The reason for this is potentially two-fold. One, is to better manage fan expectations. After what transpired last offseason, the Blue Jays fan base when absolutely ballistic. Not surprisingly, expectations got incredibly out of hand going into the 2013 season.
Once that bar for expectations was set so incredibly high, anything less than a playoff appearance was viewed as a disappointment. And not only did the Blue Jays fail to make the postseason, they finished 2013 about as horribly as a preseason World Series favourite could.
So in that sense, Alex Anthopoulos is perhaps hoping to under promise and over deliver with this roster going into 2014.
The second reason why the front office could be gearing down is because the Blue Jays don't want other teams to think they're desperate. Truthfully, the Blue Jays are in dire need of improving their rotation, but they certainly aren't letting on like they are.
If the Blue Jays publicly stated just how badly they needed starting pitching, executives from other teams and player's agents would begin circling like sharks. Interested teams would likely fire over their low-ball offers for Toronto's best players and/or prospects.
That invariably would drive up the price for any prospective free agent or any other team seeking return in trade for a starting pitcher. So by playing it cool, I guess the Blue Jays are avoiding falling into a trap where they feel they need to make a trade or free agent signing.
Who knows just how much that would drive up the price for a starting pitcher, but chances are once those executives or agents got wind of just how desperate the Blue Jays are, they would look to exploit that in the best way possible.
The Blue Jays are in a very precarious position because they have a myriad of hurdles to overcome to sign a free agent starting pitcher; there's the "five year maximum" contract policy, and then of course there's the issue of overpaying a free agent to come to Toronto.

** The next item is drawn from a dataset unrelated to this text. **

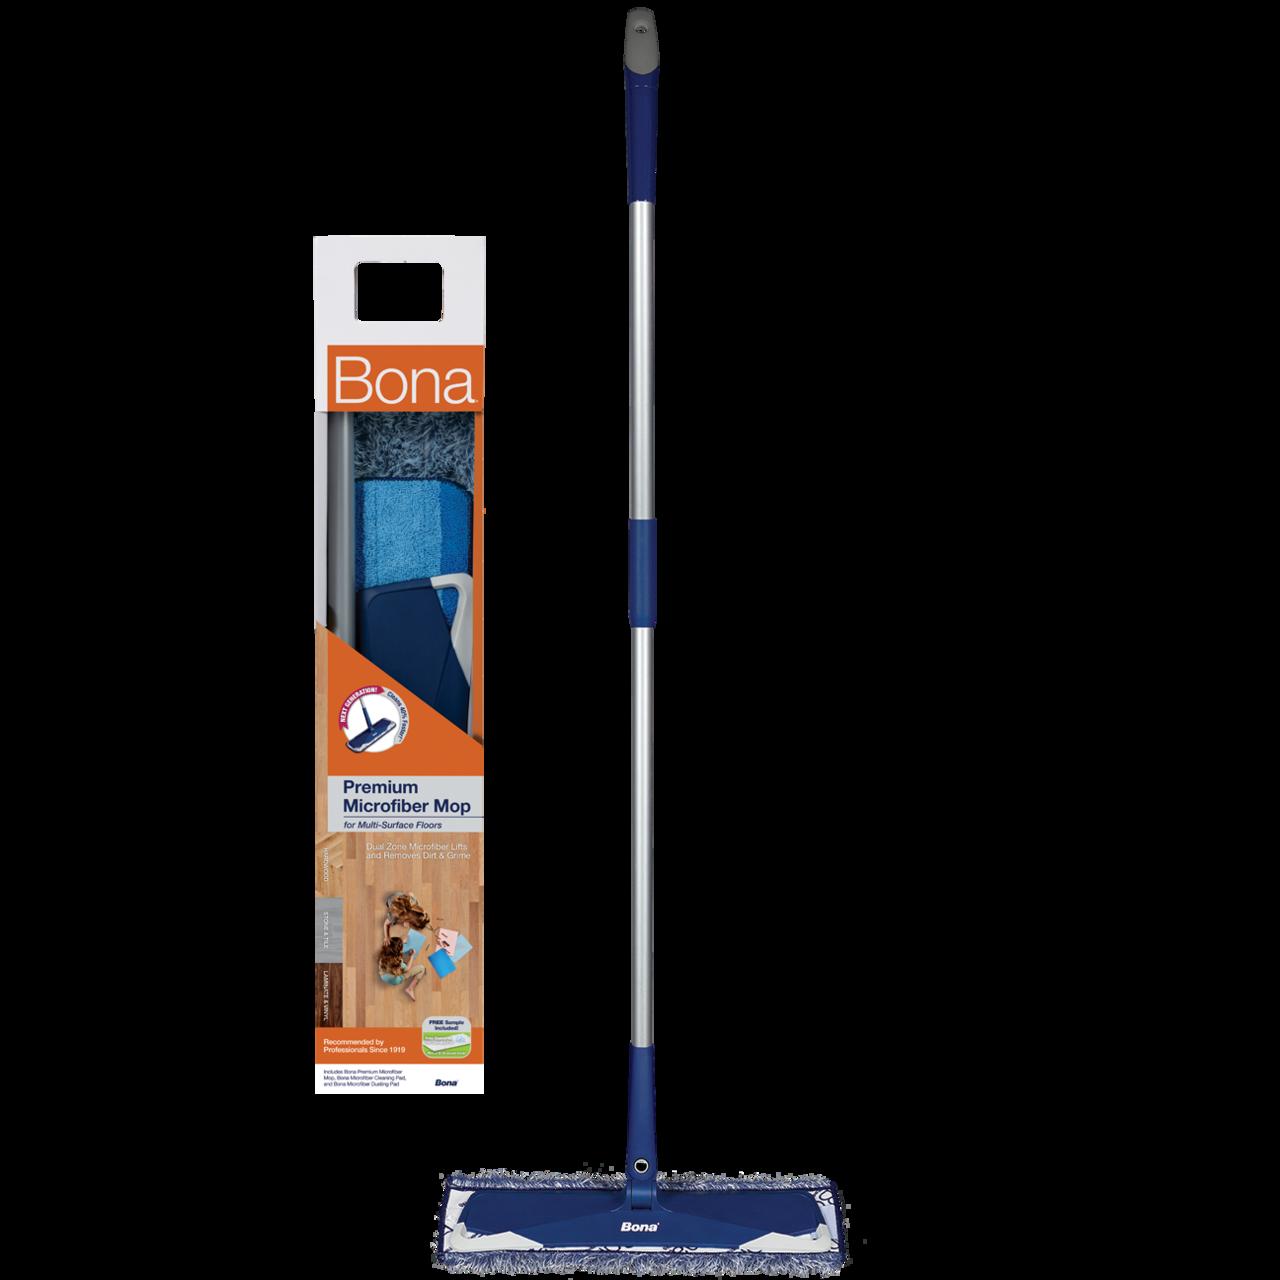 Premium Microfiber Mop For Hard Surface Floors Microfiber Mops Hardwood Floors Microfiber

Although when it comes to the Blue Jays five year maximum contract policy, at least Alex Anthopoulos has recently stated there may be a bit of wiggle room to make it a maximum of six years now.
Not to mention, as recently as yesterday, AA referred to the Blue Jays window of contention being a five year window as opposed to three. That has all the makings of a General Manager who doesn't feel like he needs to contend now (or at least is giving that impression).

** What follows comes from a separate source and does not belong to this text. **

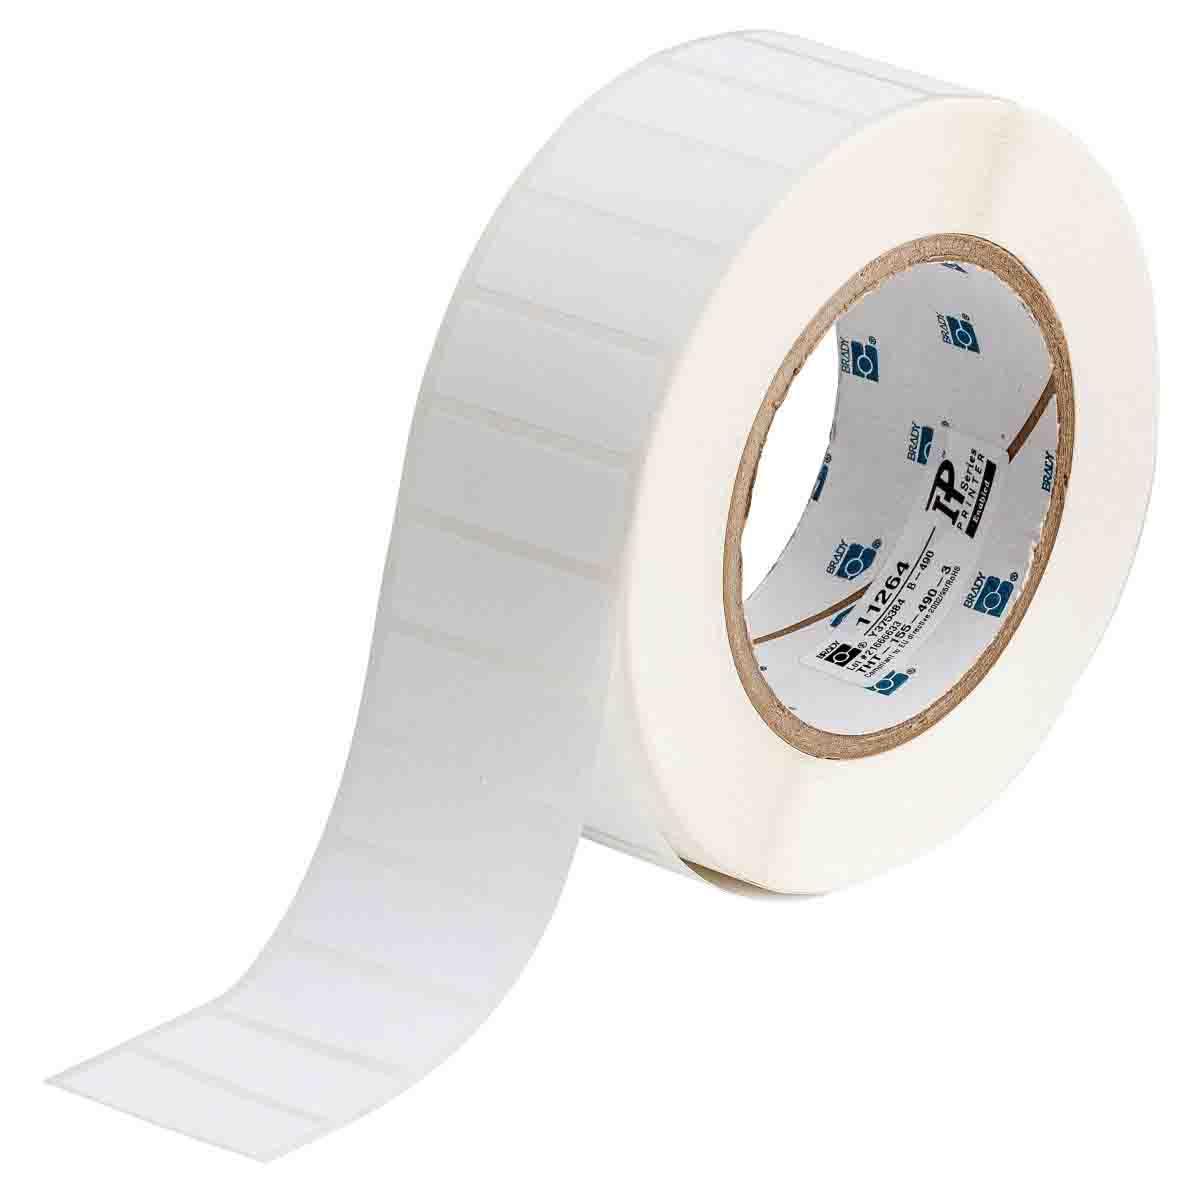 White 0.650 Width x 0.200 Height Brady THT-14-498-5-SC Thermal Transfer Printer Labels

It's also plausible that Alex Anthopoulos really could be waiting until the market cools off and may sign a starting pitcher in January or February. The Cleveland Indians managed to add Michael Bourn and Nick Swisher late in the offseason, and they ended up making the playoffs.
So it is fathomable the Blue Jays may just be biding time to sign that starter they really need, but they also run the danger in that particular player signing elsewhere. And if it's a tradable asset they're after, the longer they wait ... the likelier it is that player will disappear as well.
Fans should begin preparing themselves for the likely scenario that the Toronto Blue Jays could begin the 2014 season with the very same starting rotation they have. The Roy Halladay signing may very well be the only pitcher the Blue Jays "add" this offseason.
The Blue Jays also could just stand pat with their current depth of starting pitchers. They may not get a second baseman, they may not find a platoon partner for Adam Lind, and they may not find some outfield help.
But then again, they could also blow everybody out of the water like they did last offseason. Isn't it fun to speculate?